On the following sequence (and similar ones): $\frac{2}{1},\frac{4}{3},\frac{6}{5},\dots \frac{2n}{2n+1}$, when we want to calculate the limit as $n\to\infty$, one usually divides both the numerator and the denominator by the highest power of the denominator.
Using the epsilon-delta definition, where this idea came from?

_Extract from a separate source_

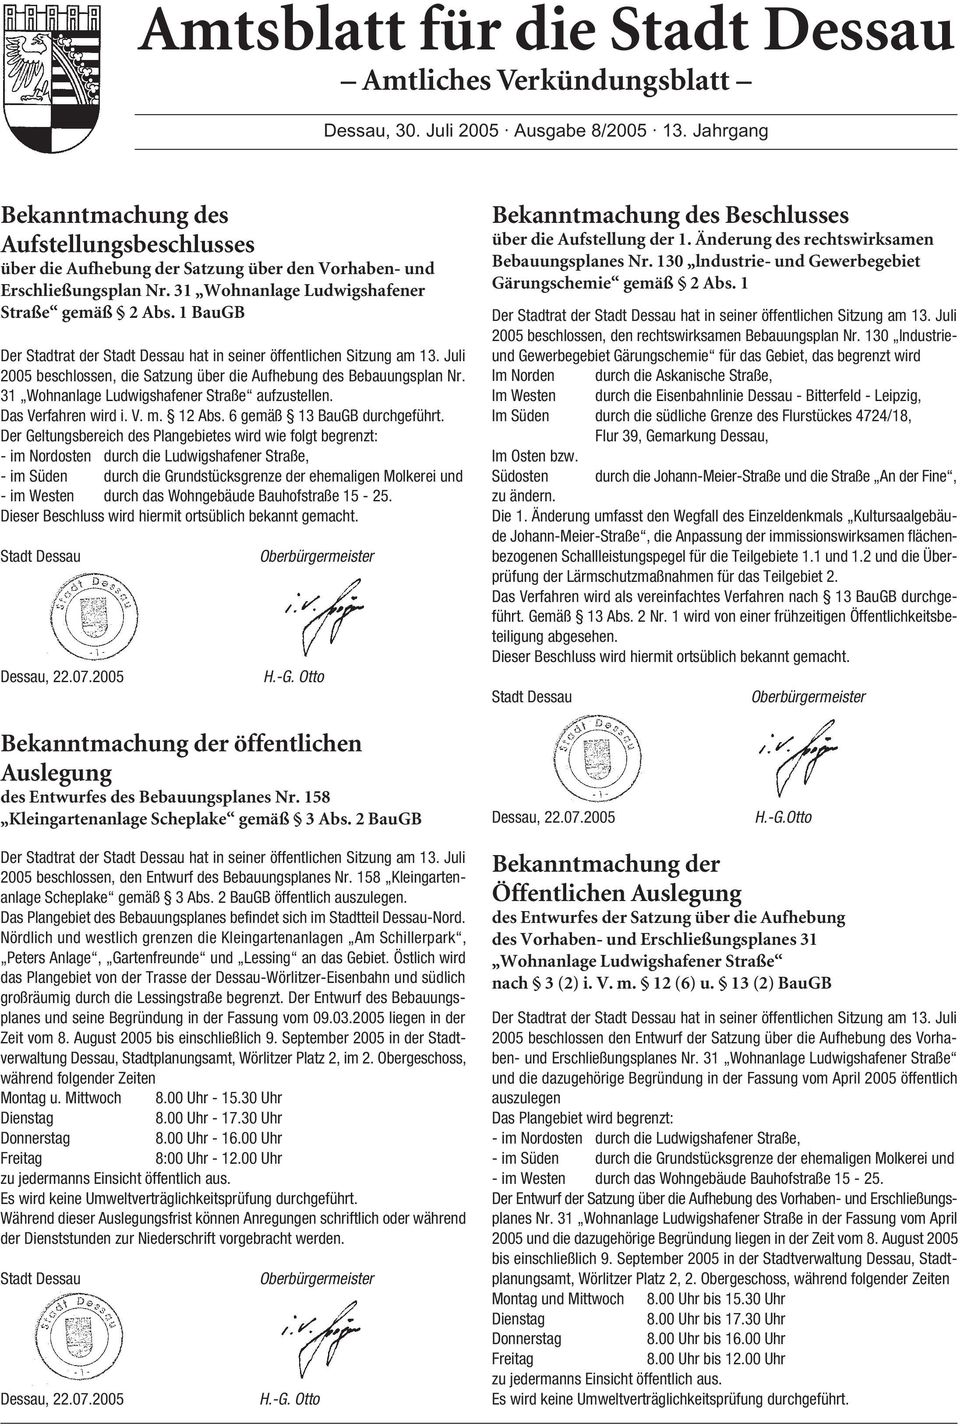 1 BauGB Der Stadtrat der Stadt Dessau hat in seiner öffentlichen Sitzung am 13. Juli 2005 beschlossen, die Satzung über die Aufhebung des Bebauungsplan Nr.

We want to be able to apply the Algebraic Limit Theorem. Specifically, we want to have two sequences $\{x_n\}$ and $\{y_n\}$ such that \begin{align} \lim_{n \to \infty} x_n &= x \\ \lim_{n \to \infty} y_n &= y, \end{align} where $\{y_n\}$ is eventually nonzero and $y \ne 0$, so that we can conclude \begin{align} \lim_{n \to \infty} \frac{x_n}{y_n} &= \frac{x}{y}. \end{align} The problem is that the sequence \begin{align} \frac{2n}{2n+1} \end{align} does not immediately satisfy this condition, since \begin{align} \lim_{n \to \infty} 2n &= \infty \\ \lim_{n \to \infty} 2n + 1 &= \infty. \end{align} However, by dividing both the numerator and the denominator by $2n$ ($n > 0$), we obtain \begin{align} \frac{2n}{2n+1} &= \frac{1}{1+ \frac{1}{2n}}. \end{align} Now, we have \begin{align} \lim_{n \to \infty} 1 &= 1, \\ \lim_{n \to \infty} 1 + \frac{1}{2n} &= \lim_{n \to \infty} 1 + \lim_{n \to \infty} \frac{1}{2n} \\ &= 1 + 0 \\ &= 1. \end{align} Here we use the Algebraic Limit Theorem to establish that $\lim_{n \to \infty} 1 + \frac{1}{2n} = 1$, but in a much more straightforward way. Notice, however, that these two results allow us to conclude that \begin{align} \lim_{n \to \infty} \frac{2n}{2n + 1} &= \lim_{n \to \infty} \frac{1}{1+ \frac{1}{2n}} \\ &= \frac{\lim_{n \to \infty} 1}{\lim_{n \to \infty} 1 + \frac{1}{2n}} \\ &= \frac{1}{1} \\ &= 1, \end{align} as we needed.